陸上自衛隊駐屯地の配備が地下水源に与える影響を審議していた市地下水審議会学術部会は、(1)油分・薬物などの漏出が全くないとは判断しがたく、水道水源地下水の水質を汚染するおそれがある、(2)宮古島市の主要で恒久的な水道水源であるため、多段階のリスク管理が必要で、予防原則的に不適切、(3)有事の際、施設が攻撃対象となった場合、その攻撃による水質汚染、地下水帯水層の破壊などが発生しうるとして「学術部会としては駄目だと結論を出した」(5・ 22シンポジウムでの琉球大学・新城竜一教授の発言)経緯がある。
ところがこの報告書について、下地敏彦市長の指示を受けた長濱政治副市長が、地下水源を汚染する恐れから施設の建設・運用は「認められない」とする部会の結論を削除し、全体的に表現を弱めた文言に書き換えるように、学術部会長に要望したが、断られるなど、第三者機関の独立性を脅かす問題も明らかになっている。
また、一連の問題で市は、市民団体から不服申し立てを受けた市が情報公開審査会に諮問するための作業を2カ月近く放置していたり、審議会や学術部会の議事録公表を拒み続けるなど、情報開示にも後ろ向きだ。
こうした下地敏彦市長の自衛隊配備ありきの強引な行政運営に、市民から疑問や怒りの声が相次ぎ、市民の要請で市長を支える与党市議10人が反対の考えを表明。
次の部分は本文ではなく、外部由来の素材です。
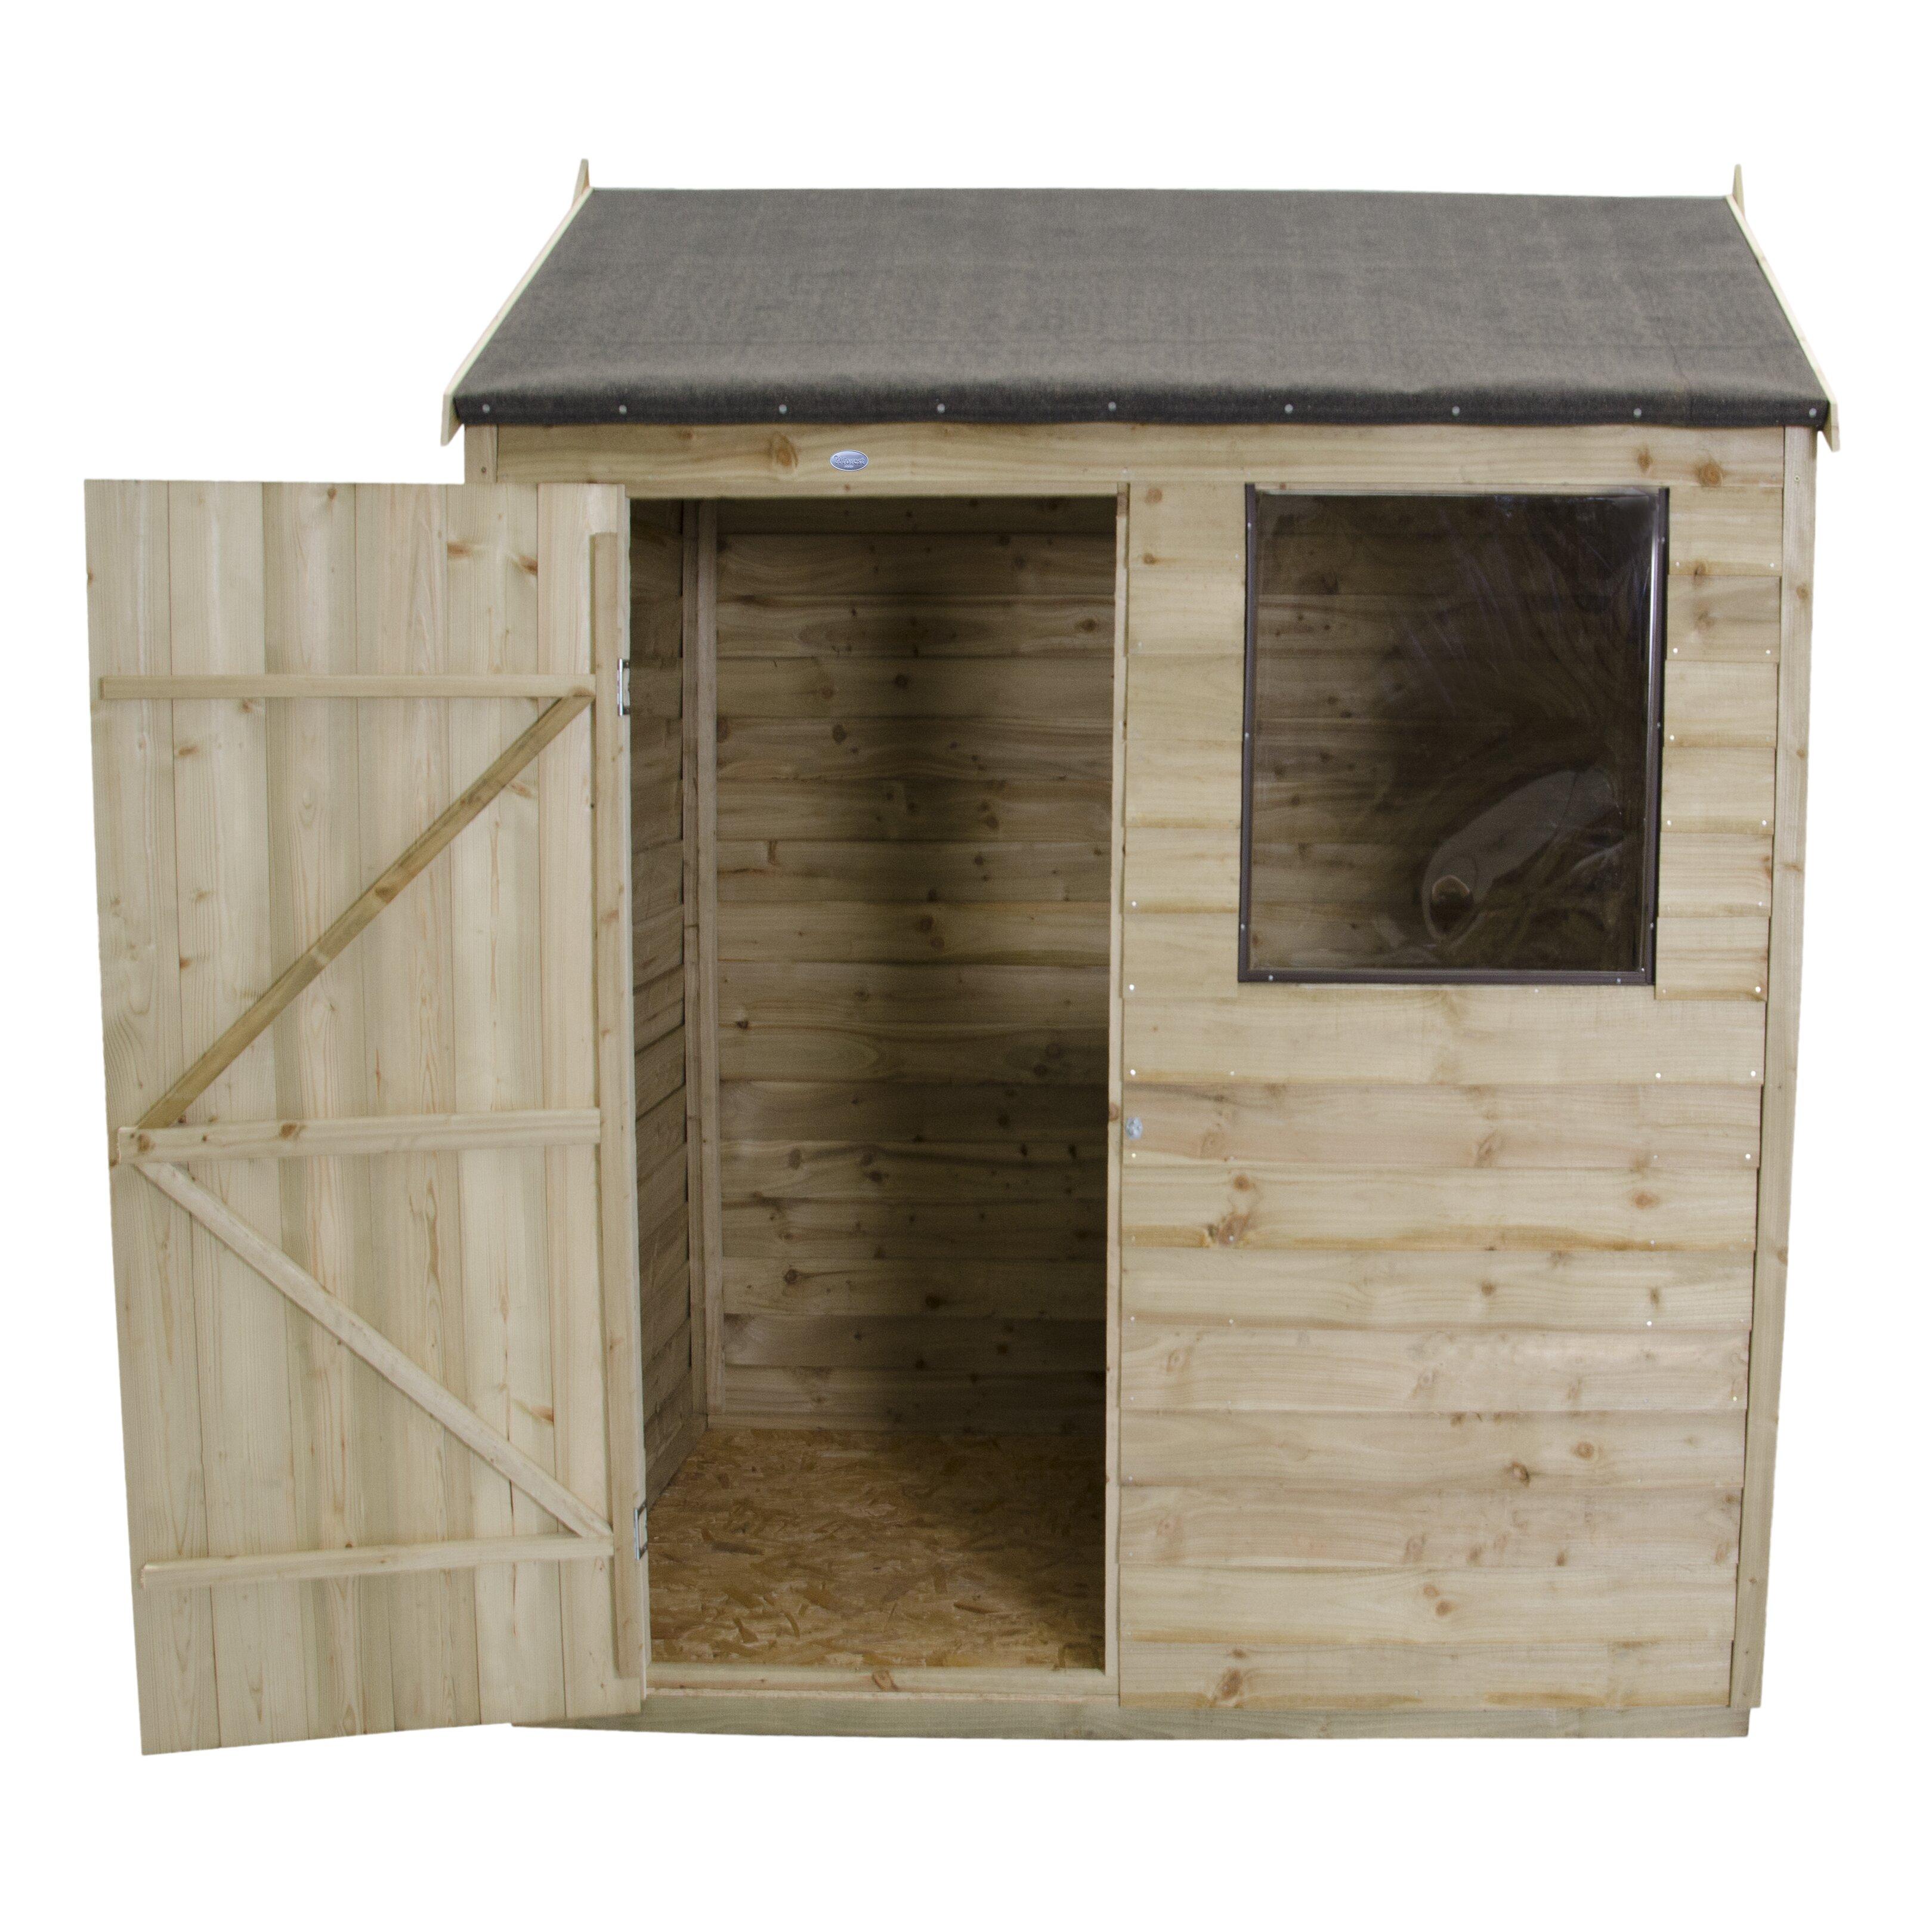 Forest garden 6 x 4 wooden storage shed wayfair uk for Garden shed 6 x 4

下地市長も旧大福牧場周辺での駐屯地建設については、撤回せざるを得なかったのである。
陸自配備に「ノー」
千代田自治会 市長に反対決議提出へ
9月2日、配備候補地となっている千代田カントリークラブ(上野野原)がある千代田自治会は、千代田公民館で「臨時会」を開き、同地への配備に反対する決議を賛成多数で可決した。下地敏彦市長と市議会の棚原芳樹議長に反対決議文を提出するほか、市議会への要請も検討している。陸自配備候補地周辺地域における反対決議は、野原部落でも決議されている。
臨時会では、反対決議を下地市長に提出するか否かについて賛否を問うた結果、28世帯のうち24世帯が反対決議書の提出に賛成した。
同自治会では、これまで6月末に意見交換会を開催し、7月上旬には防衛省から担当者3人を招いた非公式な説明会と意見交換会を開催。同27日には再度自治会内で意見交換会も開いている。
臨時会に参加した同自治会役員によると、住民からは「ヘリポートによる騒音被害が懸念される」「なぜ、千代田で配備なのかの理由説明がなされていない」「今後さらに施設が拡大されることも予想される」などの意見が出されたという。
また、今回の反対決議に賛同した住民の中には、配備予定地の地権者も複数含まれているという。
野原地区に次いで千代田も陸自配備に反対の意思を示したことで、沖縄防衛局はこれまで「住民に理解してもらうことは大変重要」としていることから、今後の対応が注目される。